Data items:
+ + + +

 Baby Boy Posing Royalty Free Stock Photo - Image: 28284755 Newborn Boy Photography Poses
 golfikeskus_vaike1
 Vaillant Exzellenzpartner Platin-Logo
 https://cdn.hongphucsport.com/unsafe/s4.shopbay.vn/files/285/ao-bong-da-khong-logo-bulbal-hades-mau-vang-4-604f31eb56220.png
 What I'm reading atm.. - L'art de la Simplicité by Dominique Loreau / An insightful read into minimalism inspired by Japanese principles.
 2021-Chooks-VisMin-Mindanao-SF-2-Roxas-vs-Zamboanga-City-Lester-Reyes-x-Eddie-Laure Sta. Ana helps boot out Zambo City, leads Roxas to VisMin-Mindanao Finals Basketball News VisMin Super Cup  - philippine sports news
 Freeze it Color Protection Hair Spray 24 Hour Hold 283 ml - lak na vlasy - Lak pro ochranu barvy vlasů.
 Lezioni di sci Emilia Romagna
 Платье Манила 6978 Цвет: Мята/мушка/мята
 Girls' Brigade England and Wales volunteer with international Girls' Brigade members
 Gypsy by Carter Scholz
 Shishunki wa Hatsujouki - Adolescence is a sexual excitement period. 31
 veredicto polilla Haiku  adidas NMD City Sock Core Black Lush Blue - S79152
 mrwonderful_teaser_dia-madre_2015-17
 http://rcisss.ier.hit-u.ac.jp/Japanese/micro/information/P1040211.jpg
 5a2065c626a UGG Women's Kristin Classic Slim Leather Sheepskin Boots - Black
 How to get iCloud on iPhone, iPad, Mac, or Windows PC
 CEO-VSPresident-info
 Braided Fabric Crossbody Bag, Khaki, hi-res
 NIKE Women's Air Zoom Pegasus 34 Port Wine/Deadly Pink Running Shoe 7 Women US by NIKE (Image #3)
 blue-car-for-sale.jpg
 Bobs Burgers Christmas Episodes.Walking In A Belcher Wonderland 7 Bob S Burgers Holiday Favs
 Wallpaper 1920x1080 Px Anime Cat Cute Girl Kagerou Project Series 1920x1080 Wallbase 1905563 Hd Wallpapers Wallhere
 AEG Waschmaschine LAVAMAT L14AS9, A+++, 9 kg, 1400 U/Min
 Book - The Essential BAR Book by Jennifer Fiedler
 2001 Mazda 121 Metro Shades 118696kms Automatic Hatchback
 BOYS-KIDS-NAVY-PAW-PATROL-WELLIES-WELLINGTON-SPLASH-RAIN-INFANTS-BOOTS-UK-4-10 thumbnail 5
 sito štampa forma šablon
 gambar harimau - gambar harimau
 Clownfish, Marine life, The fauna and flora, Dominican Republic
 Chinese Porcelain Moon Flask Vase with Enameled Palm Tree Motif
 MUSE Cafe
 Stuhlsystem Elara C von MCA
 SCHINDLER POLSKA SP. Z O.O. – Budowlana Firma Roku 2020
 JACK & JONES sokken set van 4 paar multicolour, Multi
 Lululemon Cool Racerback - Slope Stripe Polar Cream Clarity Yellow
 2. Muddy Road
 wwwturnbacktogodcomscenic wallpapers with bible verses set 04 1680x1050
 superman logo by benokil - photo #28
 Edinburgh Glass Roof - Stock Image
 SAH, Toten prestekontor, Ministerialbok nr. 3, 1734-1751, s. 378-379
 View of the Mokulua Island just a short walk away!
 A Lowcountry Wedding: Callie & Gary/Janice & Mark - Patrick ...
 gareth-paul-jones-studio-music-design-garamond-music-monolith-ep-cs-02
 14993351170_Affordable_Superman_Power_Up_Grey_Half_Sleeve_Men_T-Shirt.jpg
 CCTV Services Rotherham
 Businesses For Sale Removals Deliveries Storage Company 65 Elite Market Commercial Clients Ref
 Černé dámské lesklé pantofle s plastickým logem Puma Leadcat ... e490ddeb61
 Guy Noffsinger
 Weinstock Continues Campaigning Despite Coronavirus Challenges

+ + + +

- [ASSIGNMENT] Please find all lines of the entries that hold the string "Black" and copy them.

- [RESPONSE AREA]
 veredicto polilla Haiku  adidas NMD City Sock Core Black Lush Blue - S79152
 5a2065c626a UGG Women's Kristin Classic Slim Leather Sheepskin Boots - Black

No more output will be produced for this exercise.